第15話 序章●「意識の革命・顔の革命」

文字数 1,929文字



 名古屋の繁華街にあるアパートの一室。朱美は仲間の女達とたむろをしていた。一応、県内の高校生もいるが、ろくすっぽ学校には通っていない。朱美は中学を卒業すると進学せずに、この一室の主のような存在になった。勉強が嫌いな訳ではない。勉強する意味が判らないのだ。
 ニュースに出てくる大学生はヘルメットを被りサングラスをかけ、口元はタオルで隠して懸命に運動をしている。自由平等、平和、差別解放、闘争…言っていることは正しそうに見える。勉強して一流大学に入って、そんなに御立派なことを言うのならば、なぜ顔を隠すのだろう?あの女性たちが顔を隠すのならば朱美は顔を飾ってやろうと考えた。
 初めて口紅を着けてみたのは十一歳の時だった。家族の留守に母親の鏡台に座り、見よう見まねで口紅を塗った。それまで鏡に写っていた垢抜けない田舎の子供が急に大人びて見えた。その瞬間に朱美の中で何かが変わったのだ。オモチャも可愛らしい文房具もマンガ雑誌も朱美には要らないモノになっていた。乏しいお小遣いだが他の使わなければ、どうにかなるものだ。駅前の薬局で一番安い化粧品と化粧道具を買い集めていった。

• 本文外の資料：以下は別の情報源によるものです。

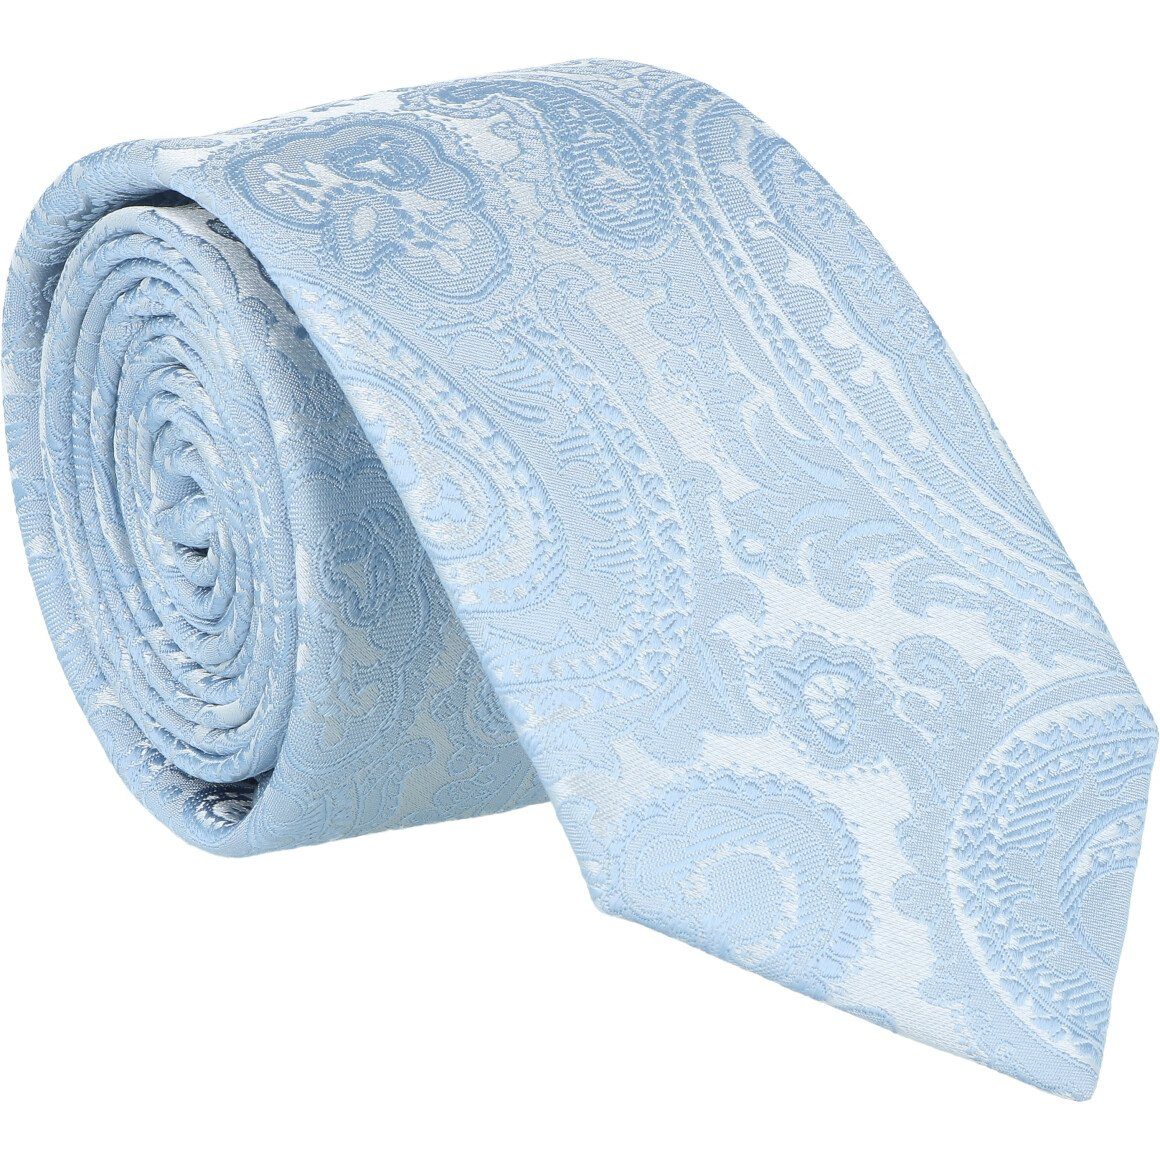 WILLEN Krawatte blau

 中学生になると放課後は化粧をして町を歩いた。田舎町のことで朱美のことは、すぐに悪い噂となり、両親に密告された。両親は烈火のごとく激怒したが
 「じゃあマジメな中学生活を送って、その先に近くの進学校にでも進学して、そこでもやっぱりマジメな高校生活を送って、都会の有名大学に進学したら、私はゲバ棒を振り回し機動隊に火炎ビンを投げつけるようになると思うわ。だってあの人達は間違ってないもの。中学生でも、そのぐらいのことは解かるわよ」
 朱美は全身を震わせながら本気で両親に反抗した。父親は俯いた。知らないうちに子供だと思っていた娘の成長が怖かったのだ。母親は泣き崩れながら「あの人達は間違っている…あの人達は悪い人達よ…そう信じるしか田舎者の私にはできないもの…」と嗚咽した。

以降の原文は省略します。